All arrays implement Writable so they print directly:

print(arr)    # Int64Array([10, 20, NULL, 40])
print(strs)   # StringArray([hello, NULL, world])

Compute kernels

from marrow.kernels.arithmetic import add, sub, mul, div, sqrt, log, sin
from marrow.kernels.aggregate import sum_, min_, max_, any_, all_
from marrow.kernels.filter import filter_, drop_nulls
from marrow.kernels.compare import equal, less, greater_equal
from marrow.kernels.groupby import groupby

var x = array[int64]([1, 2, 3, 4])
var y = array[int64]([10, 20, 30, 40])

var z = add(x, y)               # Int64Array([11, 22, 33, 44])
var total = sum_[int64](x)      # 10
var filtered = filter_[int64](x, array[bool_]([True, False, True, False]))

var a = array[int64]([1, 2, 3, 4])
var b = array[int64]([1, 3, 2, 4])
var eq = equal(a, b)            # BoolArray([true, false, false, true])
var lt = less(a, b)             # BoolArray([false, true, false, false])

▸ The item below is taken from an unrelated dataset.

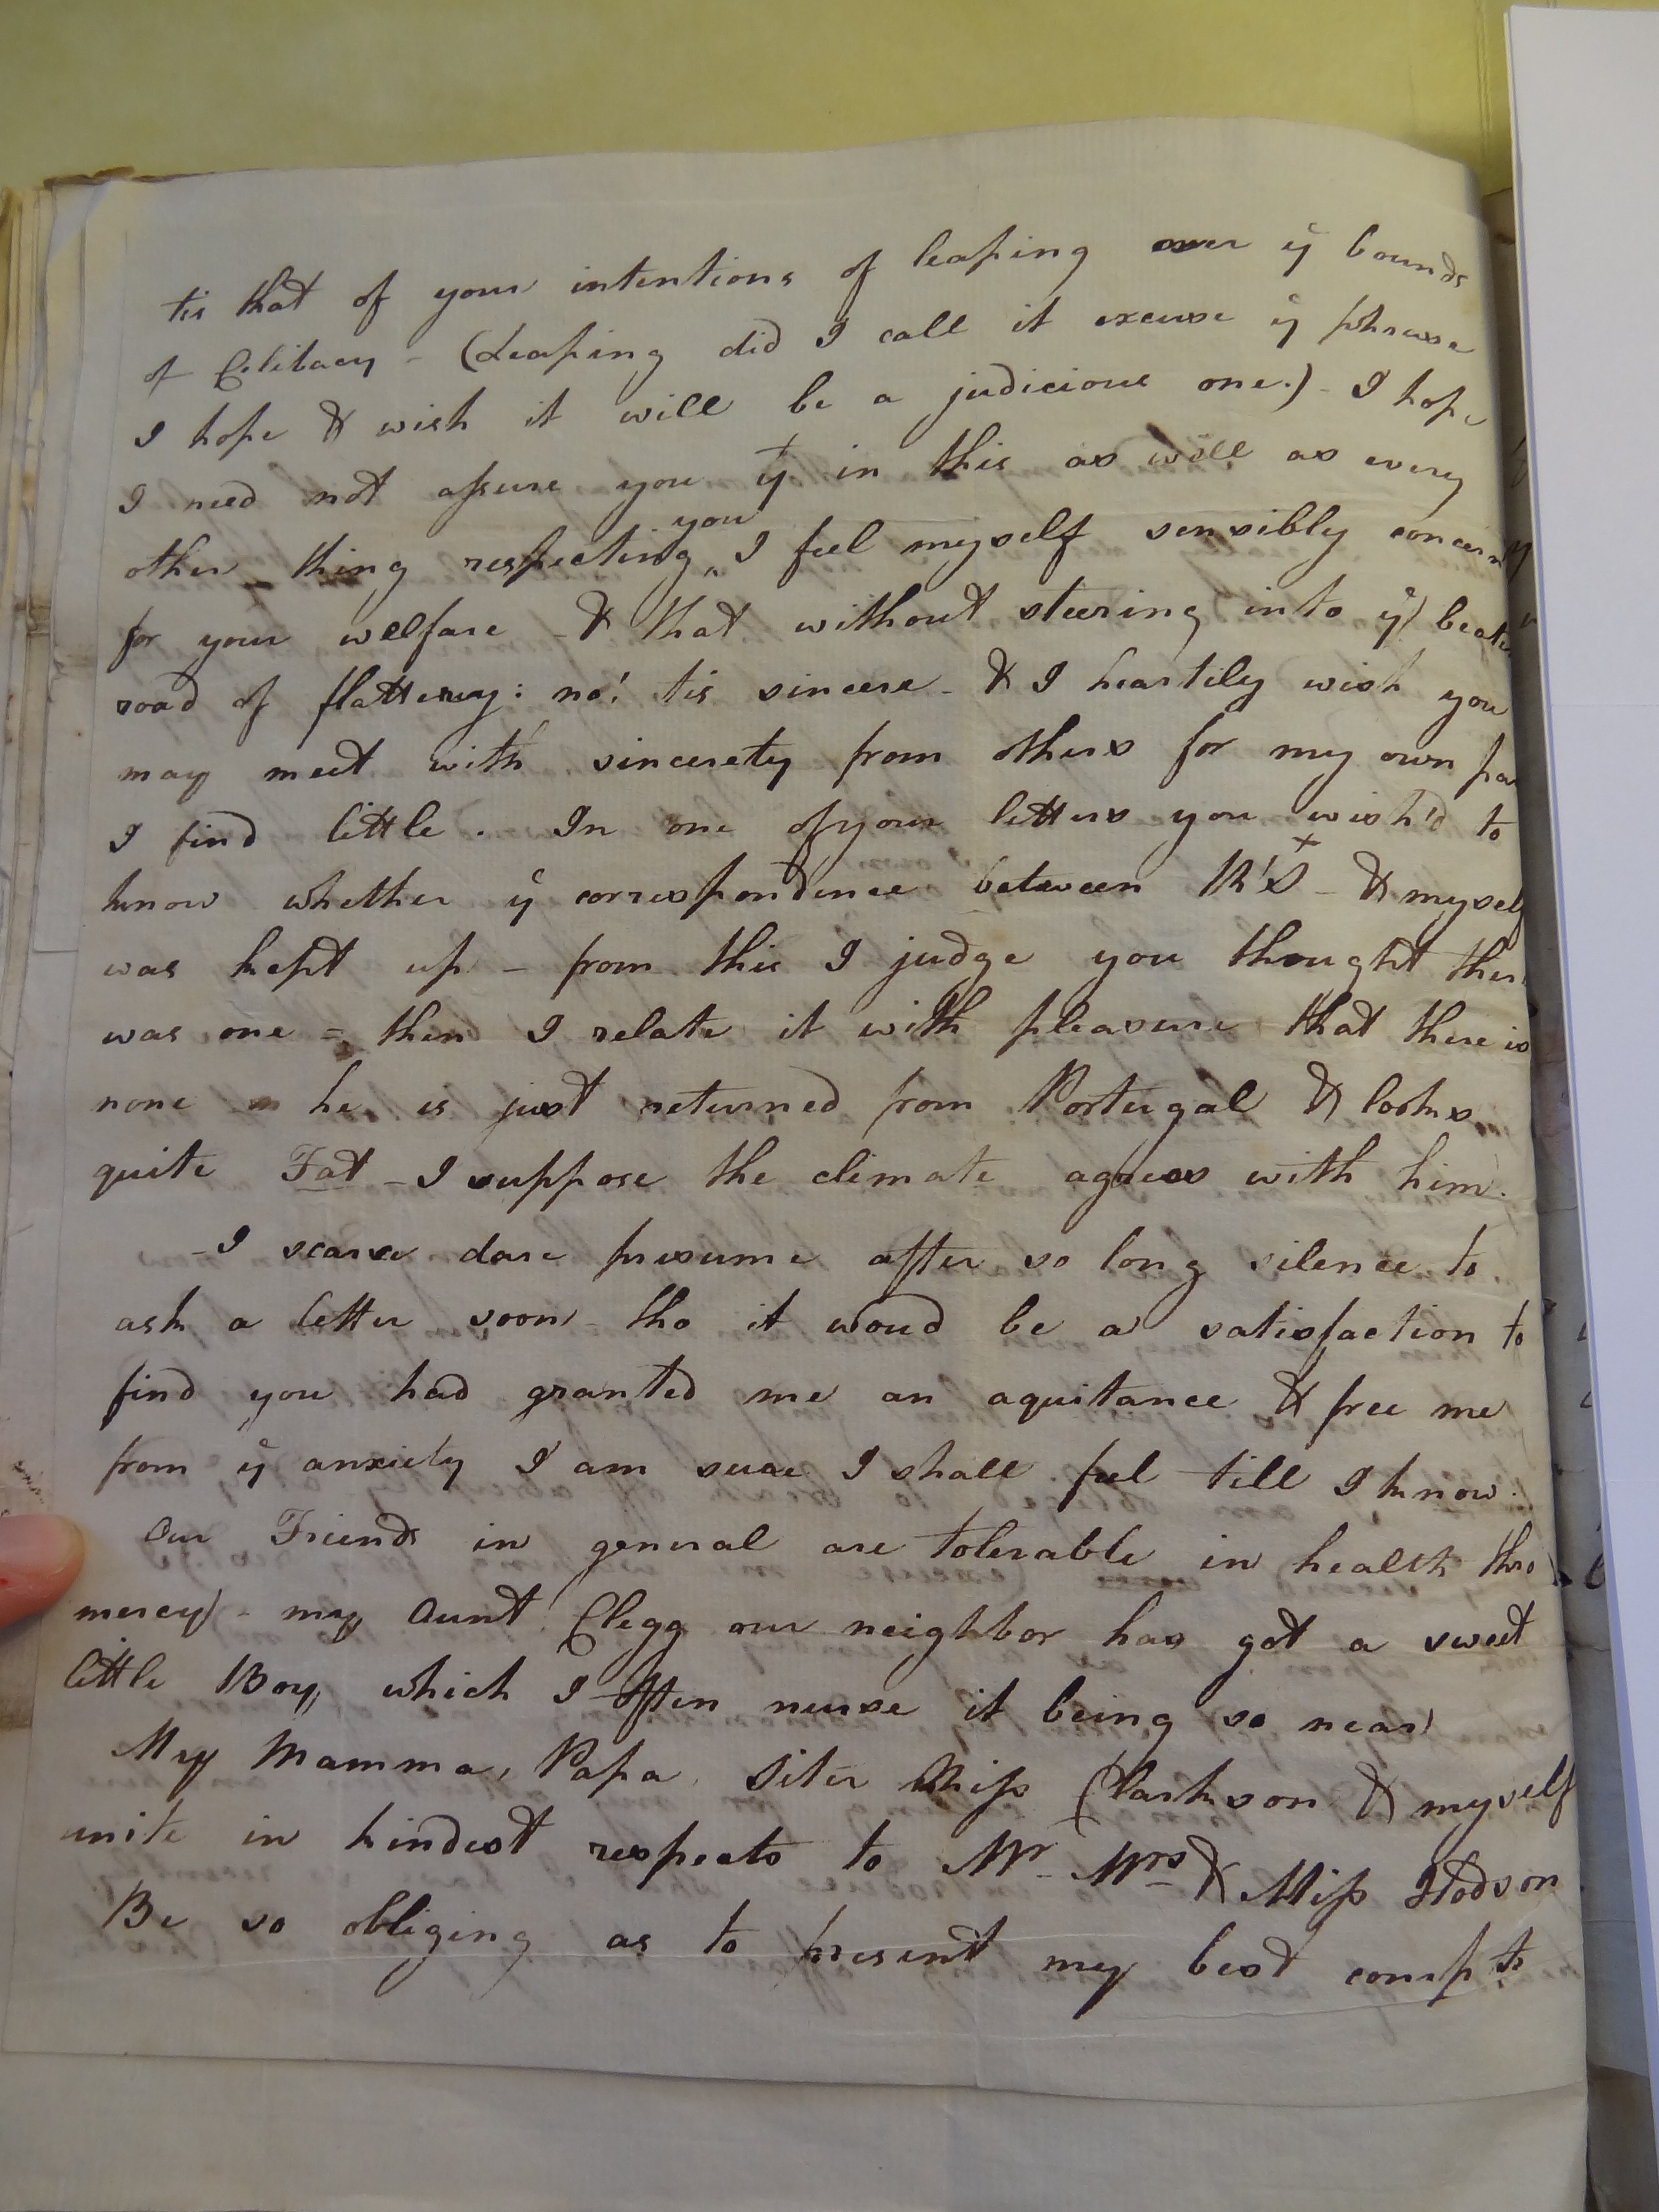 Image #2 of letter: Rebekah Bateman to Mary Jane Hodson, 4 March 1784

# Unary math (floating-point)
var f = array[float64]([1.0, 4.0, 9.0, 16.0])
var s = sqrt(f)                 # Float64Array([1.0, 2.0, 3.0, 4.0])
var l = log(f)                  # natural log

# Group-by
var keys = array[int64]([1, 2, 1, 2, 1])
var vals = array[float64]([10.0, 20.0, 30.0, 40.0, 50.0])
var result = groupby(keys, [vals], ["sum"])   # RecordBatch: key=[1,2], sum=[90.0, 60.0]

Expression execution

from marrow.expr import col, lit, in_memory_table, execute, ExecutionContext
from marrow.tabular import record_batch

var batch = record_batch(
    [array[int64]([25, 35, 45]), array[String](["Alice", "Bob", "Carol"])],
    names=["age", "name"],
)
var plan = in_memory_table(batch)
    .filter(col("age") > lit(30))
    .select(col("name"), col("age"))

var ctx = ExecutionContext()
var results = execute(plan, ctx)   # List[RecordBatch]

Parquet I/O

from marrow.parquet import read_table, write_table

var tbl = read_table("data.parquet")
write_table(tbl, "output.parquet")

Zero-copy PyArrow interop (C Data Interface)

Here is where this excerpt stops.